▶ **Your instructions**: Copy the final lines exactly, starting at the one that contains "Pier And Baltic" and ending with the last line of the listing below. Pictures are not part of the copy.

▶ **Information shown**:
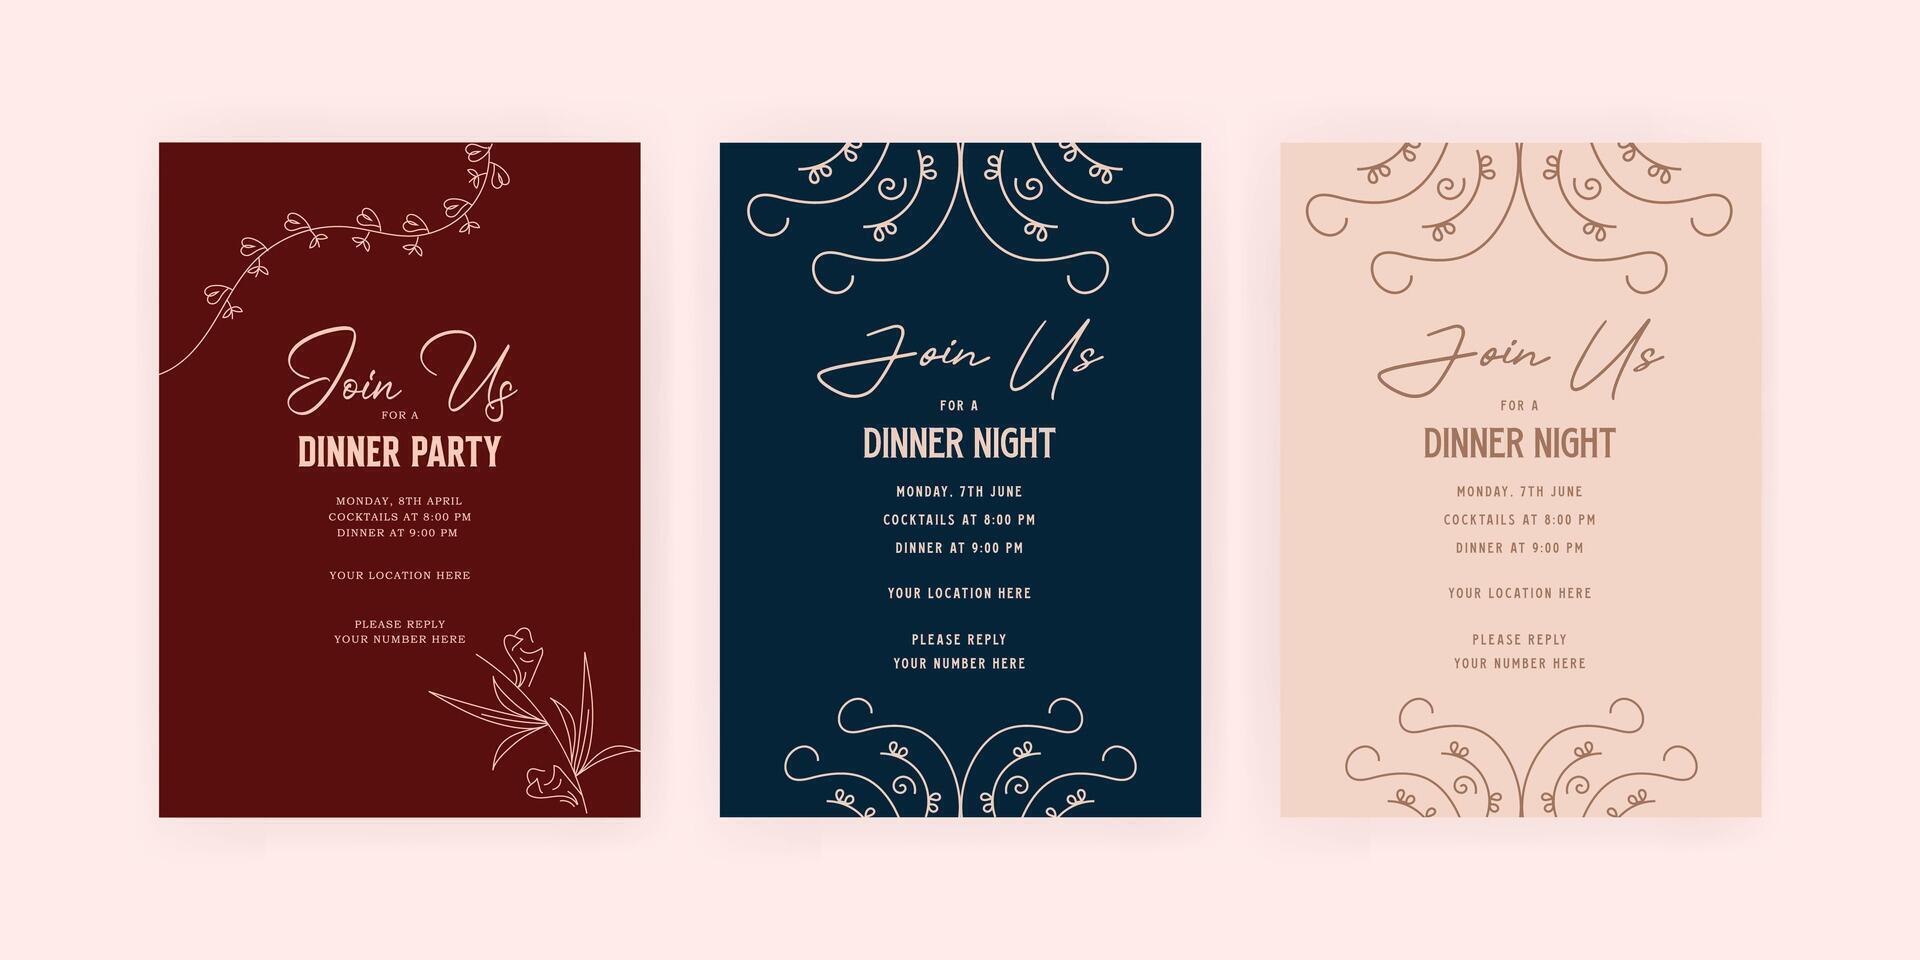 Dinner party invitation card template with luxury. floral. gold. Party poster a4 size. EPS vector illustration
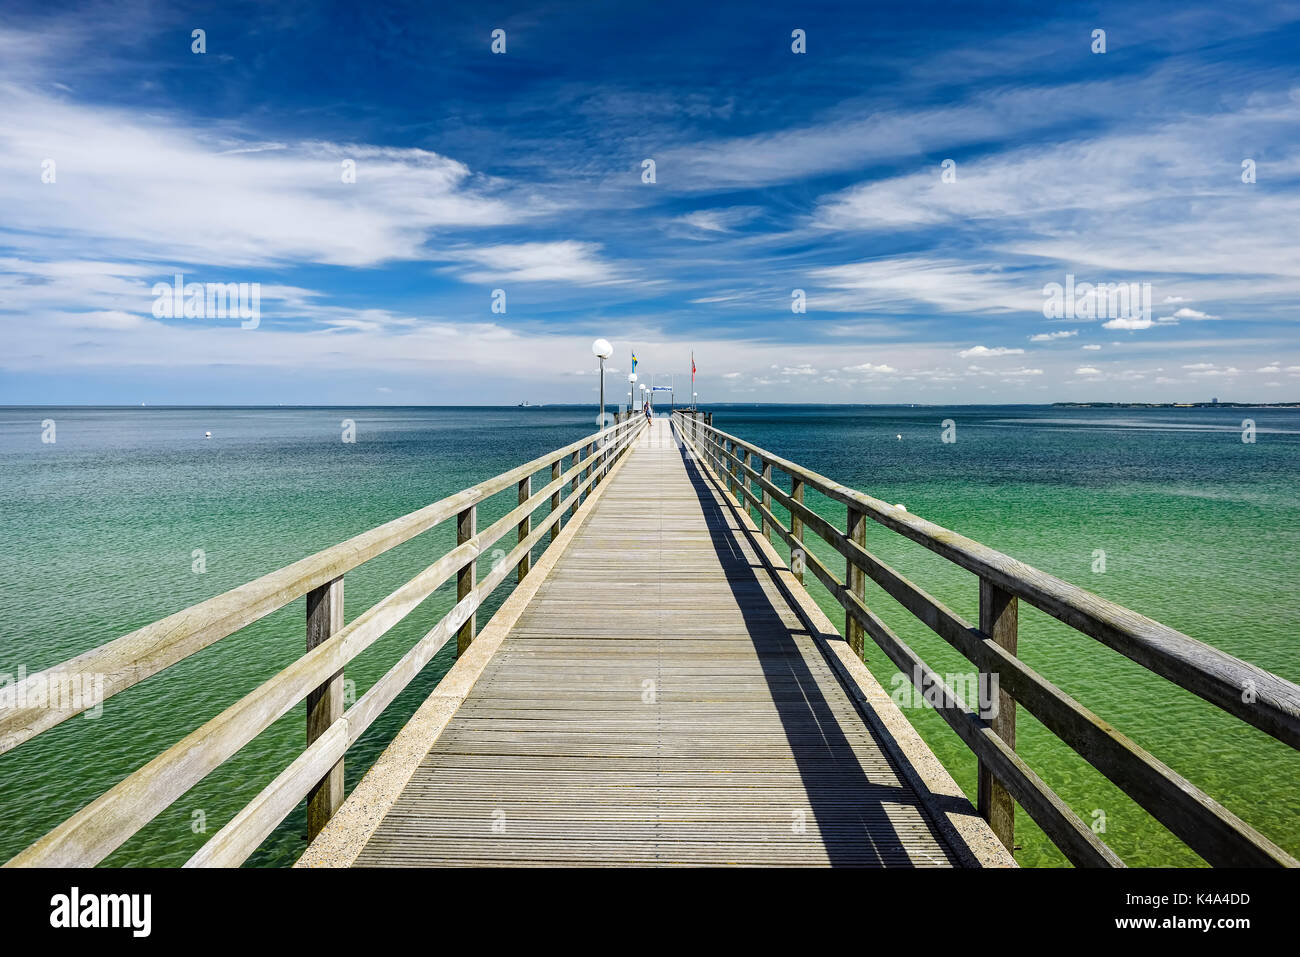 Pier And Baltic Sea In Haffkrug, Germany Stock Photo
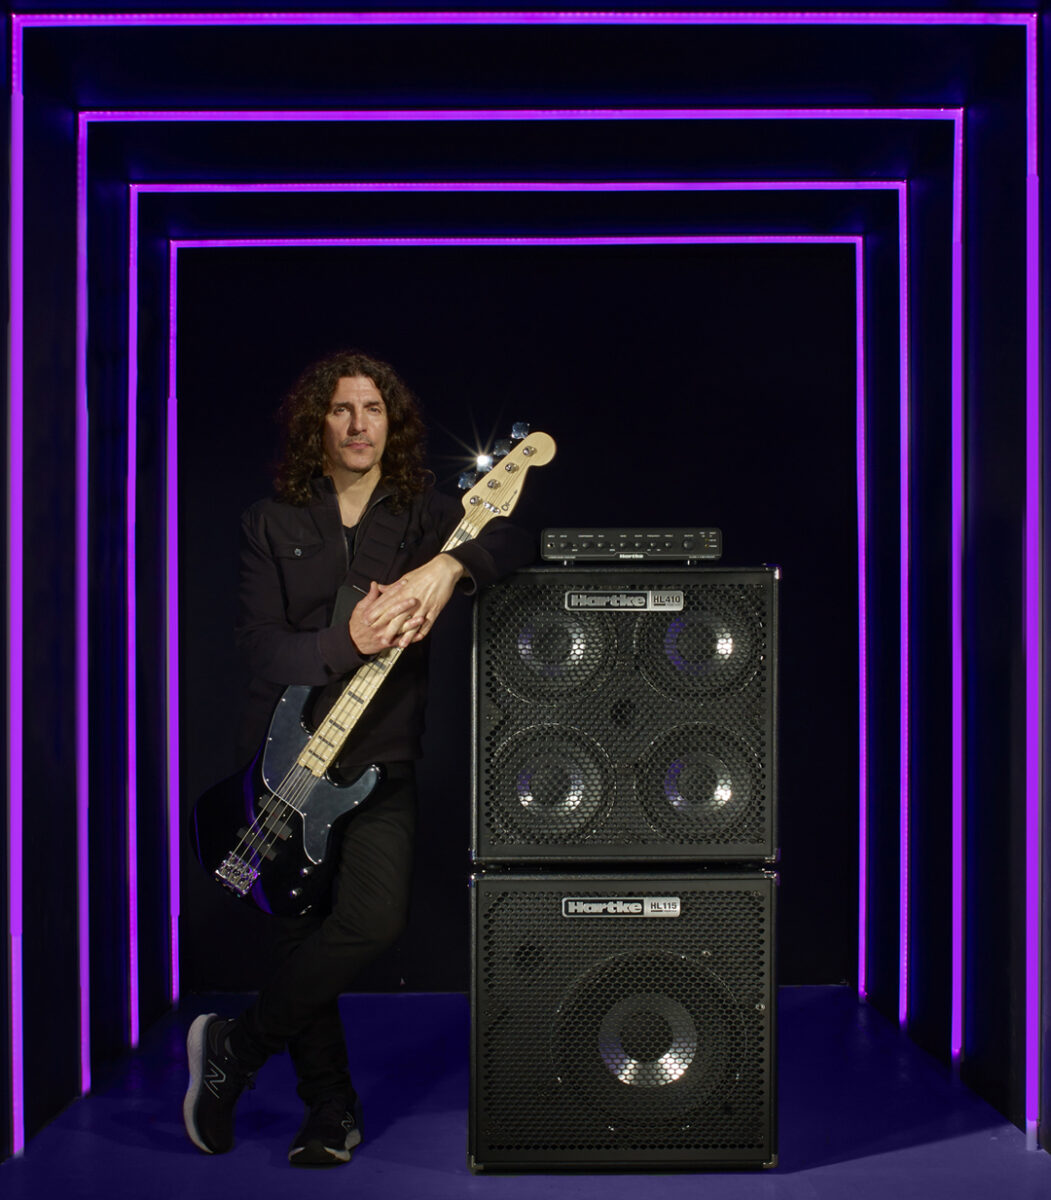 Man with curly hair standing and holding a bass guitar next to large speakers, framed by glowing neon lights.

▶ **Exercise solution**:
 Pier And Baltic Sea In Haffkrug, Germany Stock Photo
 Man with curly hair standing and holding a bass guitar next to large speakers, framed by glowing neon lights.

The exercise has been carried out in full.